Re:Digital Stewardship : PDF vs PDF/A by maxume · 2009-10-31 04:44 · Score: 1

Useless is the wrong word. It took 15 lines of python wrapping xpdf for me to get a working system for dumping the transactions out of the last 6 years of my credit card statements.
It's ugly, but it works just fine.

--
Nerd rage is the funniest rage.

NO to Adobe! by SirAstral · 2009-10-31 02:41 · Score: 1

I guess most of you do not realize that Adobe produces SpyWare by default in their own products?

Flash for example has iesnare built into itself. This all allows machine profiling that everyone agrees to when you install their bullshit software!

You can't trust a company that has already done something to make you distrust them.

Re:NO to Adobe! by agnosticnixie · 2009-10-31 08:39 · Score: 1

The Internet doesn't belong to Adobe, moron.

PDF and Flash are massively multiplatform by Ilgaz · 2009-10-31 03:04 · Score: 2, Interesting

Adobe ships Flash/PDF readers/plugins to: Windows, OS X, Symbian (in some form), Linux, *BSD and various, uncountable tiny platforms. iPhone/iPod does not count because of obvious reasons.

Lets see what MS Silverlight ships to: Windows/Intel Mac.
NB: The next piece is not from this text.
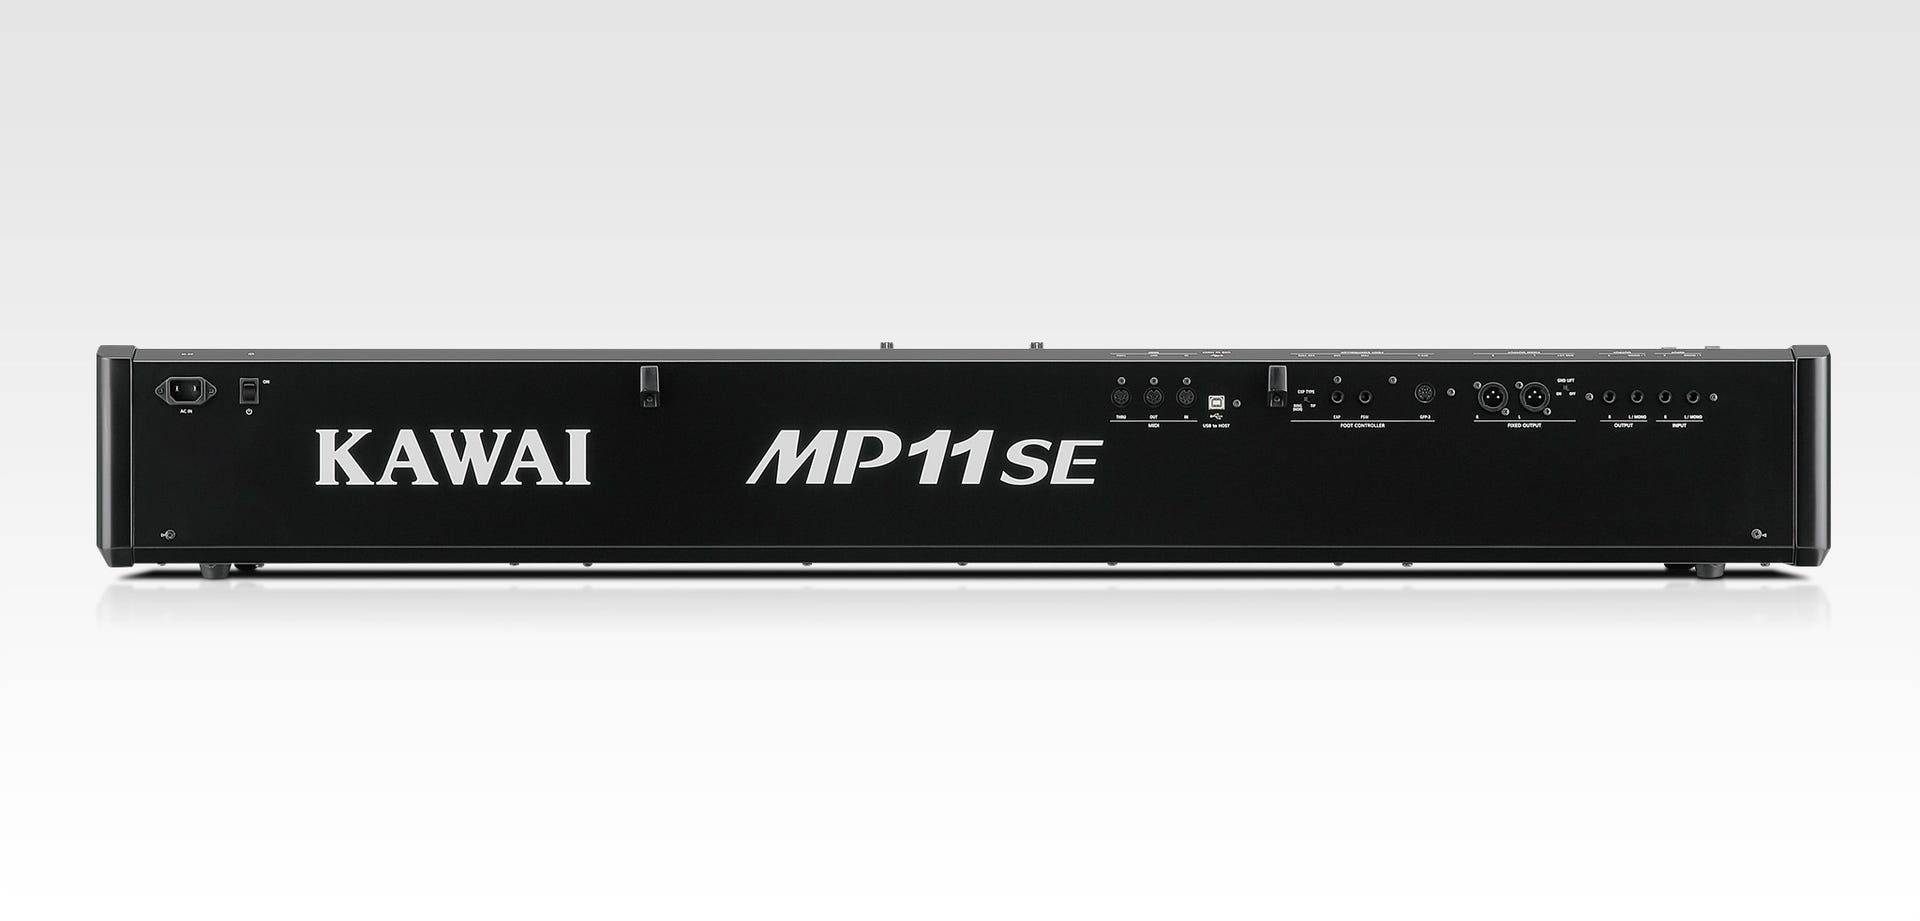 Kawai MP11SE Digital Stage Piano (MP-11SE)

Damn thing is so tied to Windows that they couldn't even convert/ship the V2 for PPC Macs or they simply abandoned them. (like we cared!)

MS XPS format and viewer is the answer to PDF which, some people who didn't use Windows have never, ever heard of. It is that Windows centric. Despise all rude attempts by MS (adding XPS printer without etc), it has never, ever took off.

What we need is, something combines ODF and PDF. You can add binary file to PDF document like some layer. ROM LogicWare, less known Office (Papyrus) developer does it right now. The files are both PDF and their own edit format, transparent to PDF readers and NOT a hack.

Of course, people will spend time "omg flash, pdf, Adobe is slow" flaming rather than finding a solution to a real problem. Asking government to use Flash is really absurd but the real one to blame here is MS and open source based large companies. If they have no alternative, Adobe will suggest PDF of course. What else they should use? MS XPS?

Re:PDF and Flash are massively multiplatform by tolan-b · 2009-10-31 04:12 · Score: 1

> What we need is, something combines ODF and PDF. You can add binary file to PDF document like some layer.
Already exists:
http://www.oooninja.com/2008/06/pdf-import-hybrid-odf-pdfs-extension-30.html
(scroll down a little)
Re:PDF and Flash are massively multiplatform by koiransuklaa · 2009-11-05 08:39 · Score: 1

Let's see how that works out. My guess is that Moonlight development will always be just behind Silverlight so a lot of content won't work. Currently Moonlight is version 1.99 while Silverlight is at version 3.
Microsofts contributes, sure. It's just that so far that contribution looks just like the same old move they've done so many times.

Forget Google, every single Apple device does it by Ilgaz · 2009-10-31 03:11 · Score: 1

If you look around, every single Apple computer, device (ipod/iphone) is actively indexing every single PDF thrown at them, instantly and keep database of it.

It is the famous "Spotlight" technology. They don't even need to look at Google, some of them have same kind of indexing technology (minus relation) running on their laptops.

One should check the TFA relations with MS. I am sure something will come up.

Which idiot managed to do it? by Ilgaz · 2009-10-31 03:17 · Score: 2, Informative

I work with PDFs a lot, especially on OS X. I am telling you from an OS which you can have 60 KB 1080p screenshots in PDF in some circumstances: Whoever did that "text as image" trick, he is a complete moron.

One of the reasons that PDF took off is exactly embedding fonts used in a document so it will appear as pixel perfect on client machines.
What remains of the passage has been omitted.